Le rideau est tombé sur le premier tour de la Primaire de Gauche et on en connaît maintenant les principaux enseignements.
La participation, d’abord.
Elle se situe autour des 1,6 millions de votants. Elle est respectable, mais elle est aussi en net recul par rapport à la Primaire de la gauche en 2011 (2,6 millions votants) et très en retrait de la participation au premier tour de la Primaire de la droite (4,3 millions de votants).
Bref, même s’il n’y a pas de désastre en matière d’intérêt des Français pour la sélection du candidat socialiste, déjà, à l’aune de cette seule mesure, l’essoufflement de la gauche est visible.
Les sélectionnés pour la "Finale" : Benoit Hamon et Manuel Valls, ensuite.
Benoît Hamon est le promoteur politique d’un revenu universel où l’Etat renonce à identifier celles et ceux qui ont besoin de son aide et veut abroger la loi travail accouchée au forceps du 49.3.
Manuel Valls, sur ces points capitaux, veut faire exactement l’inverse. Lui, qui avait théorisé l’existence de "gauches irréconciliables" se trouve en bien mauvaise position pour incarner le rassemblement à gauche.
Risquons-nous à un peu de prospective. L’arithmétique des soutiens électoraux (les 18 % de Montebourg se reportant majoritairement chez Hamon) et la dynamique des résultats du premier tour nous laissent à penser que le vainqueur de cette primaire sera Benoît Hamon.
Quel symbole terrible pour la Gauche que celui de faire battre un ancien Premier Ministre après avoir subi le refus du Président de la République de défendre électoralement son bilan !
Si ce choix se confirmait, il serait un signe irréfutable que les électeurs de gauche désertent en majorité la gauche de gouvernement, la gauche du réel (et ceci quelque soient les limites et les échecs du quinquennat Hollande) pour se réfugier dans la gauche du rêve et de l’utopie.
Cette histoire du revenu universel est quand même un sacré révélateur. Le revenu universel, même revu à la baisse à 600 €/ mois, coûte 300 milliards €/an. Il est parfaitement clair qu’il n’y a pas le début de la moindre chance qu’un pays aussi endetté et fiscalisé que la France le mette en œuvre. Je n’évoque même pas les ravages faits dans la nation sur la motivation à travailler par cette idée généreuse mais folle à côté desquels la géniale réforme des 35h payées 39h apparaîtra comme une toute petite plaisanterie.
Et bien, ce diagnostic simple à faire ne va sans doute pas suffire à discréditer Benoît Hamon. La gauche, à bout de souffle, déserte le réel et choisit le rêve.
A bien y réfléchir, il y a des raisons profondes à cette désertion.
En fait, la gauche est malade de n’avoir plus d’idées pour changer le monde tel qu’il est aujourd’hui: mondialisé, numérique, inégalitaire. Elle n’assume plus ou ni l’utopie européenne, ni la réalité de la construction européenne comme réponse à la brutalité de la mondialisation et elle se retrouve bien nue pour lutter contre le retour inquiétant des nationalismes. A nous centristes, de relever sans ambiguïté ce drapeau pro-Européen.
Elle est incapable de penser la révolution numérique, son fameux modèle économique reposant sur les plateformes mettant en relation clients et prestataires (Uber, AirBnb,….), ses auto-entrepreneurs et leurs start-ups. Au contraire, elle s’enfonce avec ce revenu universel dans un assistanat d’état généralisé.

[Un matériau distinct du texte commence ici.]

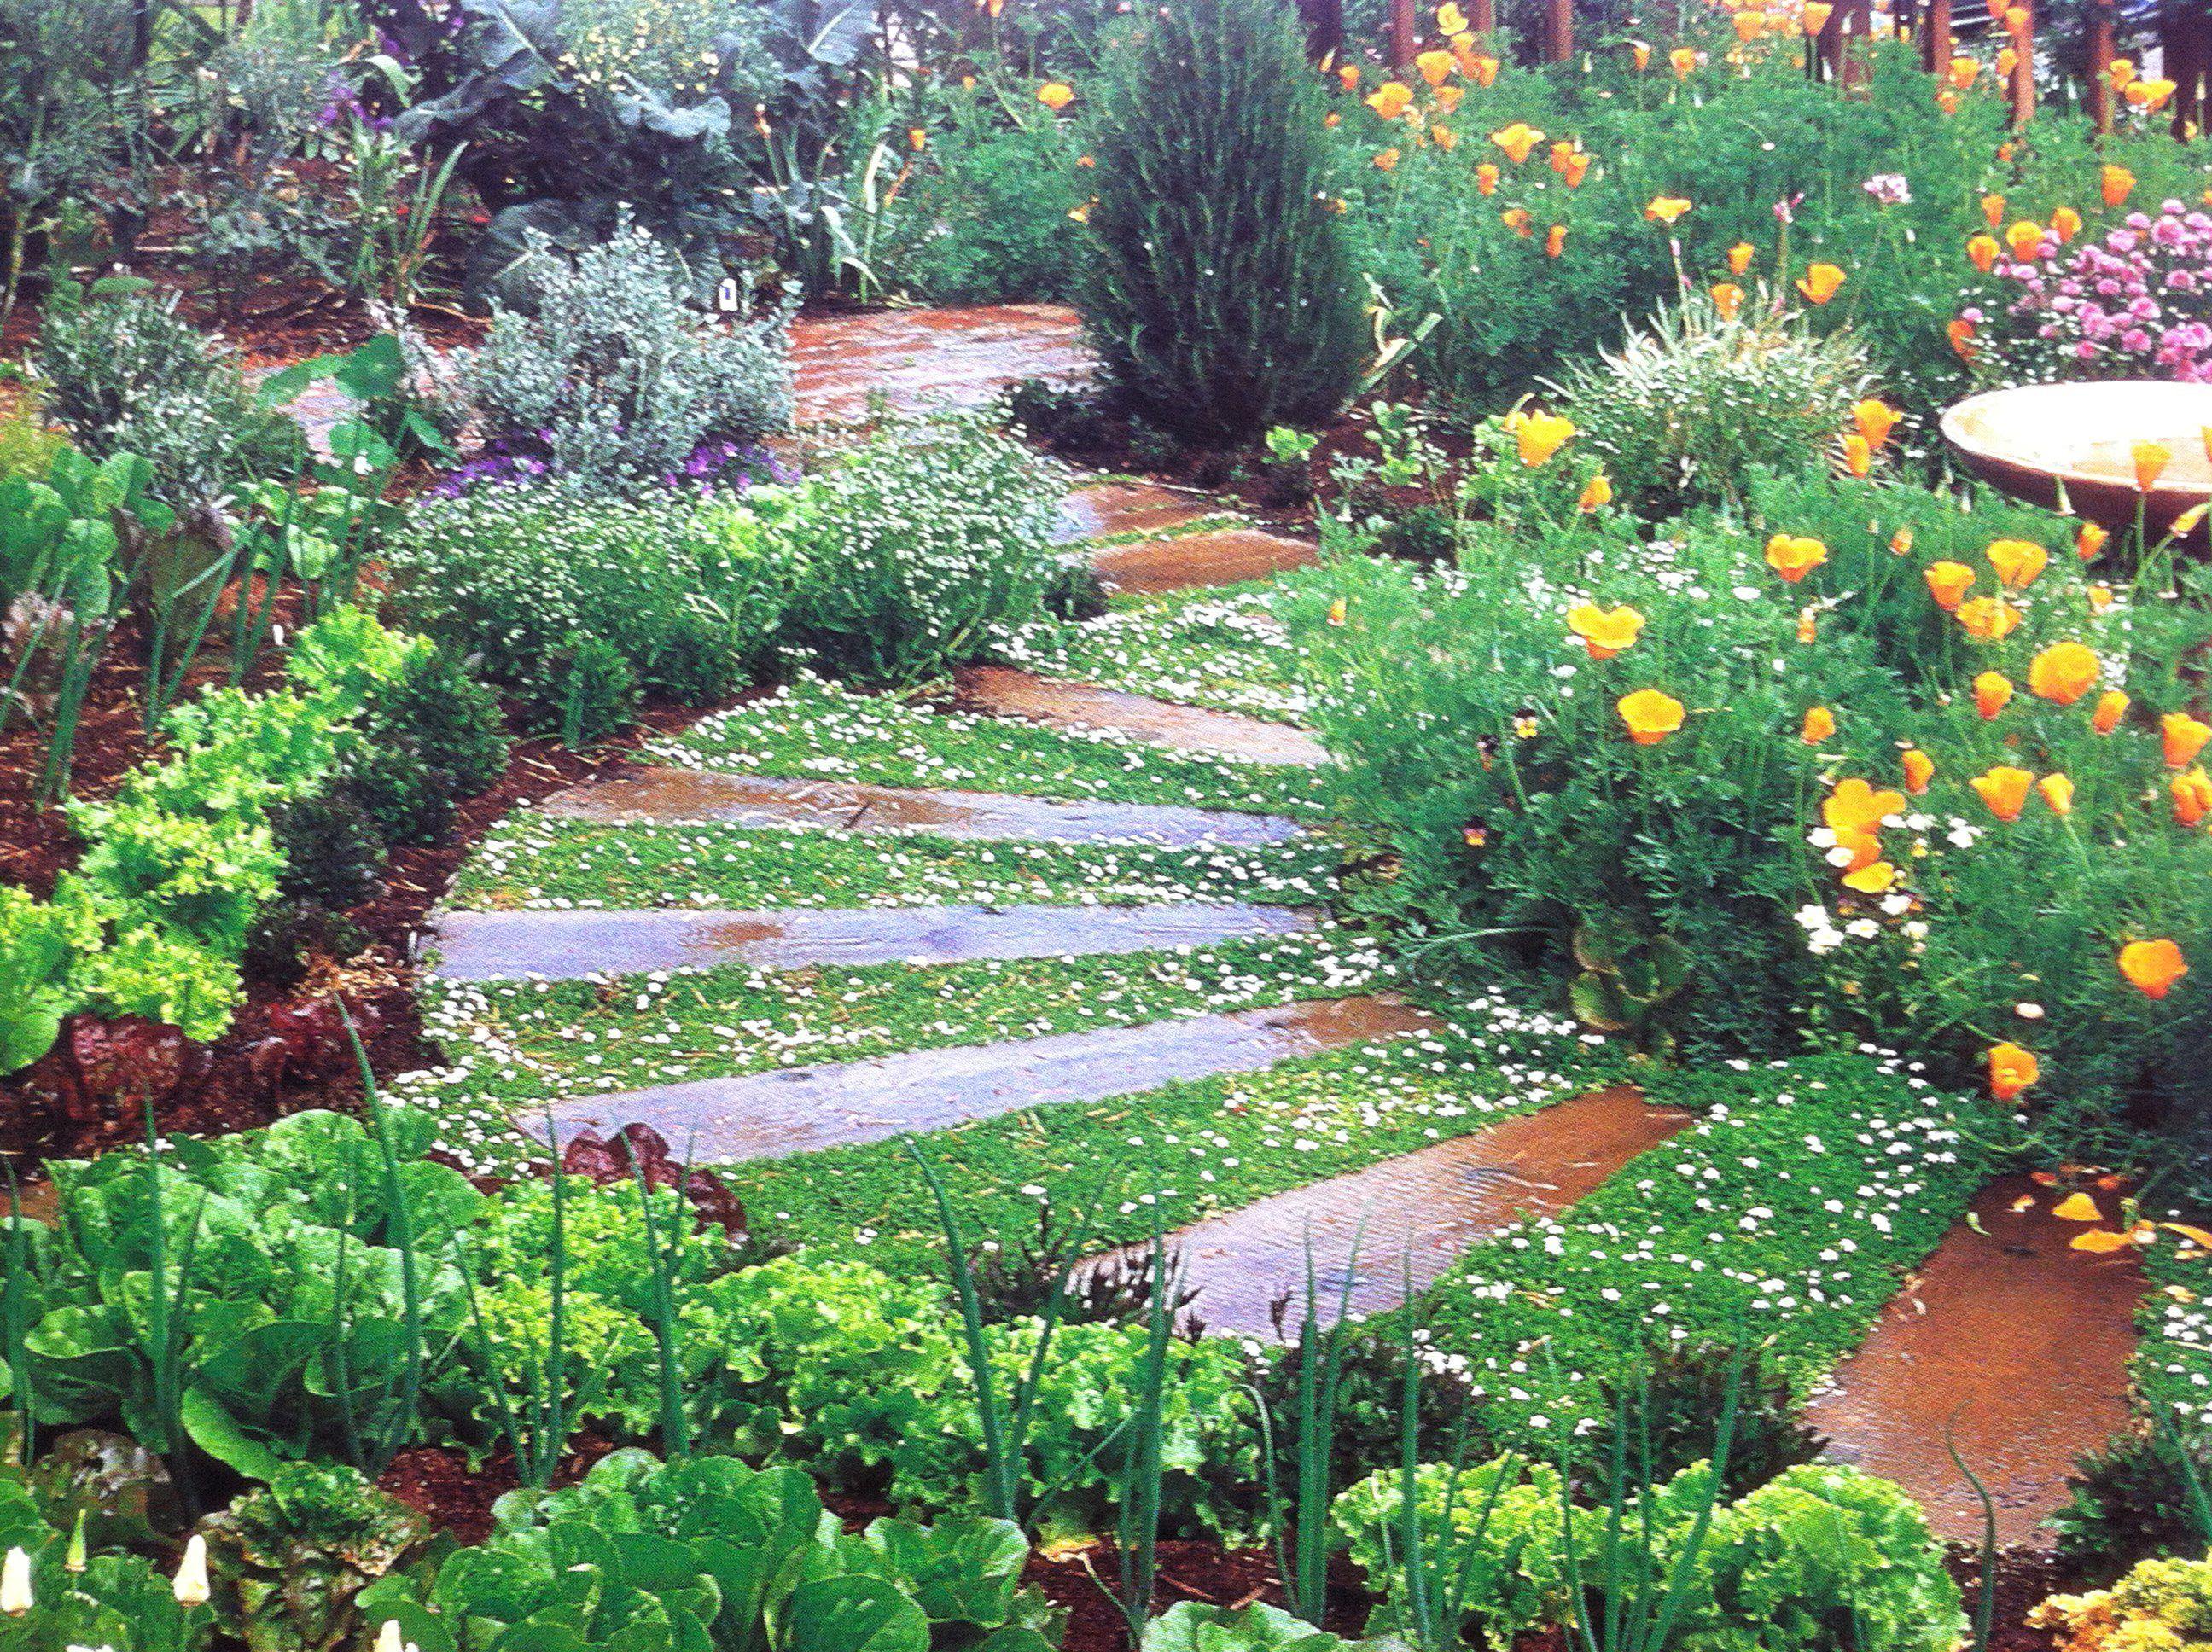 Pin By Austin Hart On Outdoors Garden Flower Beds Flower Garden Design Backyard Flowers Garden

Elle renonce même à faire des propositions pour augmenter les recettes de l’Etat et ainsi pouvoir avoir un Etat capable de mettre en œuvre des politiques sociales et éducatives basées sur le mérite et l’égalité des chances.

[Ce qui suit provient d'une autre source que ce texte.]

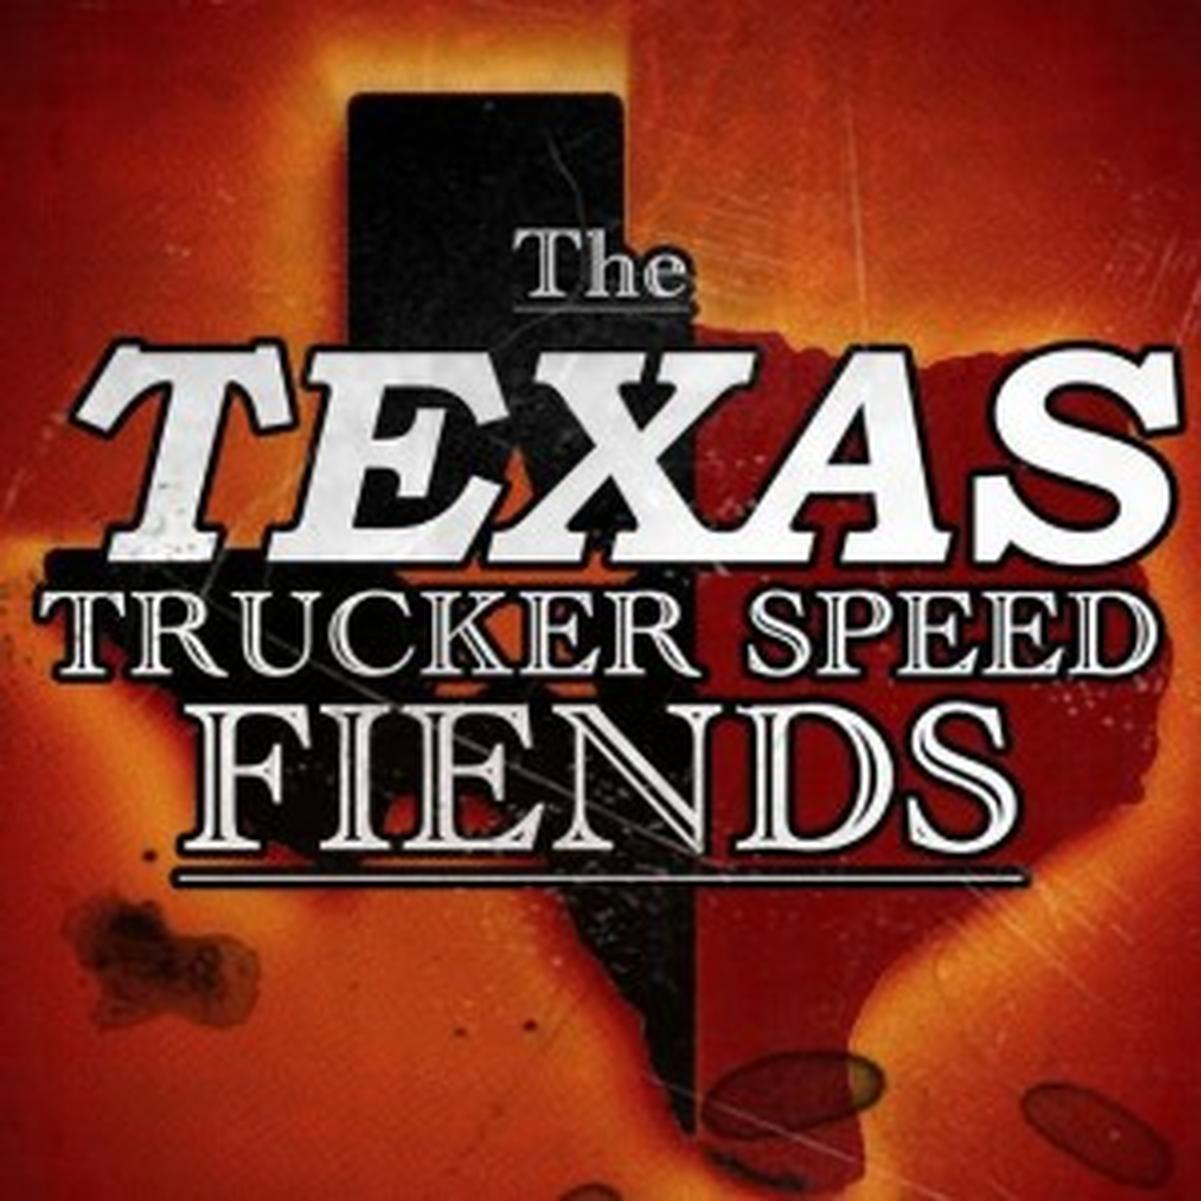 Texas Trucker Speed Fiends

Oui, la mondialisation produit une France de plus en plus inégale que ce soit au niveau des patrimoines ou au niveau des revenus.
Quelle politique fiscale au moment où l’impôt sur les sociétés est de plus en plus vidé de sa force et de sa pertinence à cause de la mondialisation et des dumpings fiscaux qui l’accompagnent, où la rentabilité fiscale de l’ISF est contestée et où la France est médaille d’or en matière de prélèvements obligatoires ? Silence radio à gauche tout au long de la campagne des Primaires.
Quelque soit le vainqueur dimanche, il ne sera pas en état de porter l’espérance des Français.
Oui, il faut rêver, à partir de ses convictions, pour s’ouvrir de nouveaux horizons.
Oui, à titre d’exemple, je rêve que les nouvelles technologies permettent à la démocratie française d’avancer, de faire des progrès.
Mais, il faut avoir ensuite la volonté de confronter nos rêves avec la vérité et la réalité.
En 2017, cette confrontation salutaire de nos rêves légitimes et de la réalité Française ne se fera pas à gauche.
En 2017, le changement sera ailleurs, quelque soit le vainqueur de dimanche prochain.